This is the sixth year that I spend Ramadan away from Jordan and away from friends and family. On the long list of things I miss about home Ramadan may very well rank number one. I miss all you can eat at Pizza Hut with friends. I miss family around the table. I miss the few minutes of rush before the athan; given some idle task to do like warm the bread because Iâ??m annoying my mother. I miss the lights and decorations, cialis seek the crescents and the stars. I miss the night air that surrounds the entrance of a mosque after leaving taraweeh prayers to walk back home. I miss the sidewalks of Jabal Hussein at night. I miss the athan.
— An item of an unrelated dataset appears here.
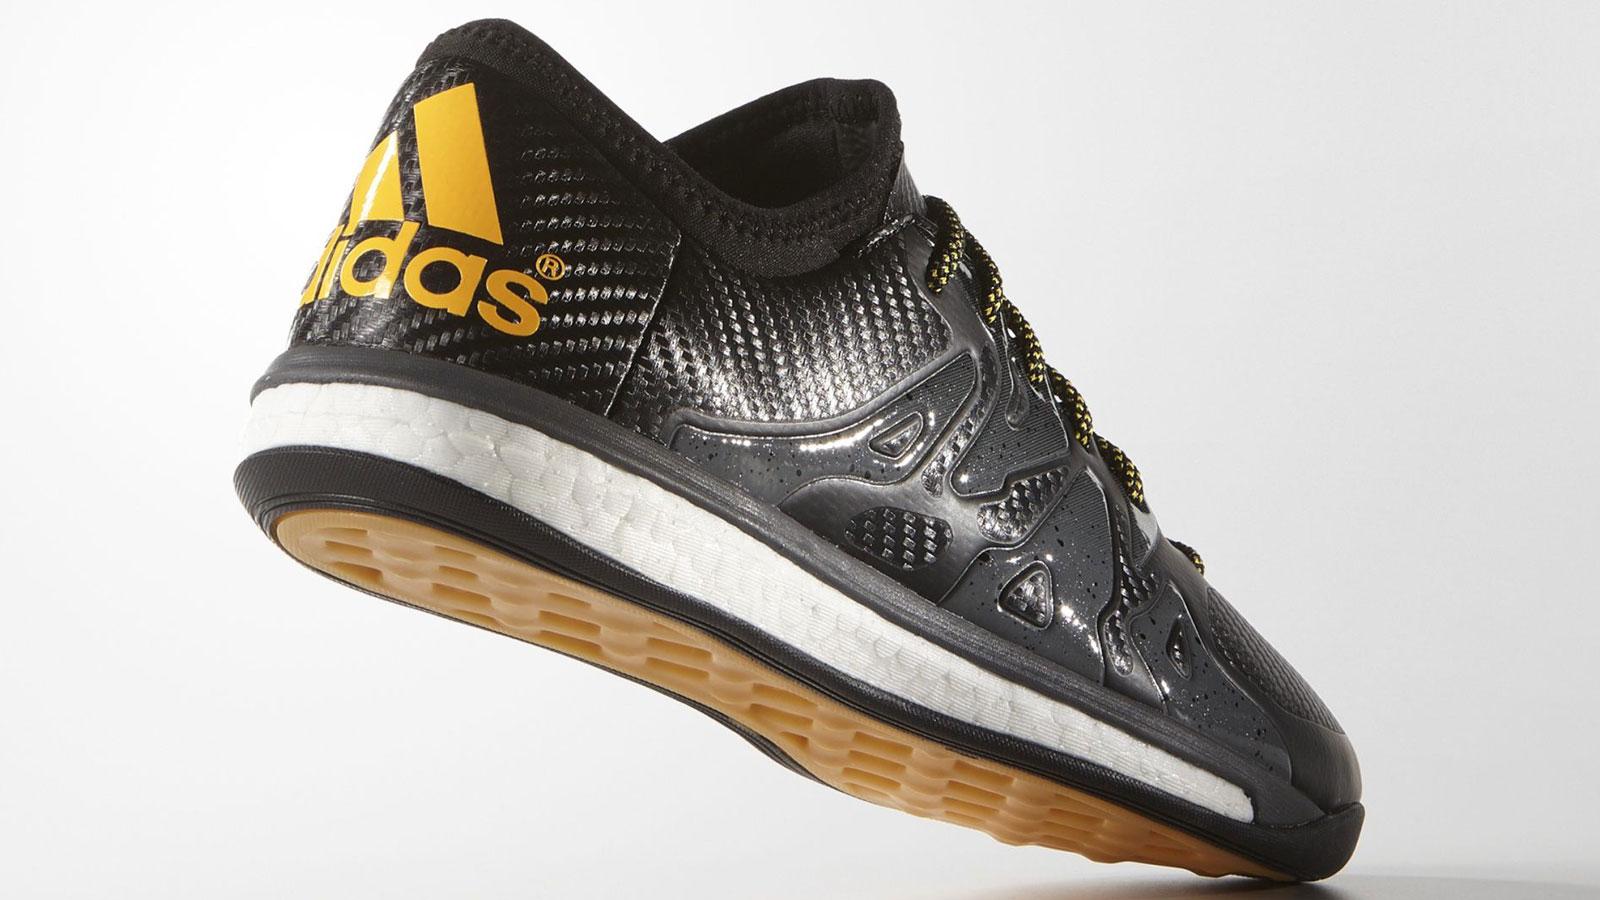 d9a8dc222 buy adidas street soccer shoes 1e1c7 50f0d

Itâ??s a lot to miss I suppose.
But before you mistake this post for nostalgia there are several things I donâ??t miss. I donâ??t miss people constantly complaining about how hungry they are and I donâ??t miss watching people break their fast on a cigarette. I donâ??t miss people swallowing their whole meal before the maghreb prayer is even over. I donâ??t miss the people who use fasting as an excuse for being rude or ineffective at their job more than usual, sick as if Ramadan wasnâ??t intended to mend those human flaws rather than amplify them. Sometimes people become so notorious during this month that I figure once Ramadan moves into the summer months Jordanâ??s economy will suffer a dramatic decline over the next few years. I donâ??t miss the argeelah smoke-clad cafes, â??Ramadan tentsâ? and hotel â??Ramadan Nightsâ?Â, as if the intention of this one-month of the year dedicated to God and worship was for people to go out to smoke tobacco and watch a belly dancer shake and jiggle.
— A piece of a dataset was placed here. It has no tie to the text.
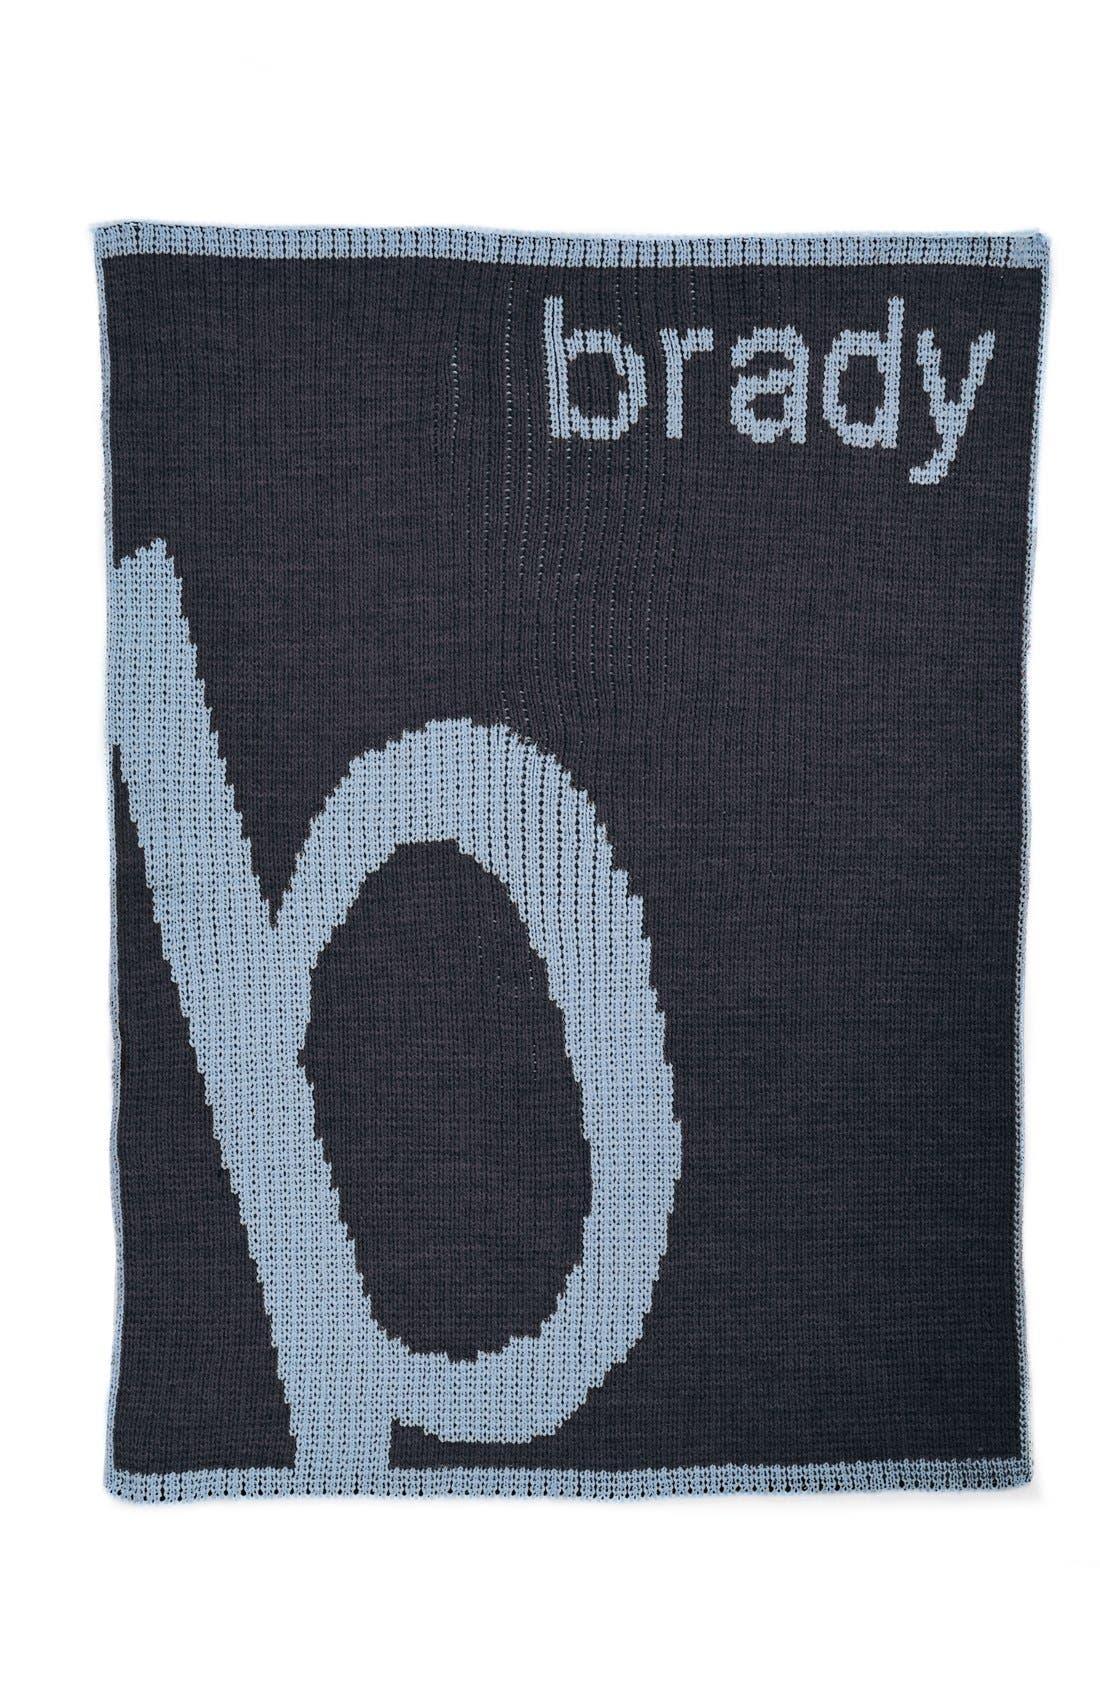 Main Image - Butterscotch Blankees 'Slanted Letter' Personalized Stroller Blanket

What happens when you leave this environment and enter a whole other one is that you have to pack the ideals in a suitcase along with your clothes. The ideals of restraining oneself from food and drink, the ideals behind heightening the spiritual senses, focusing on the actual act of worship. A month dedicated to God, dedicated to humility, dedicated to reminders; reminders of our place in this world, reminders of priorities, reminders of how despite our daily complaints we have it better than most and reminders of all the things we tend to forget 11 months of the year. And the fasting makes it hard to forget any of it.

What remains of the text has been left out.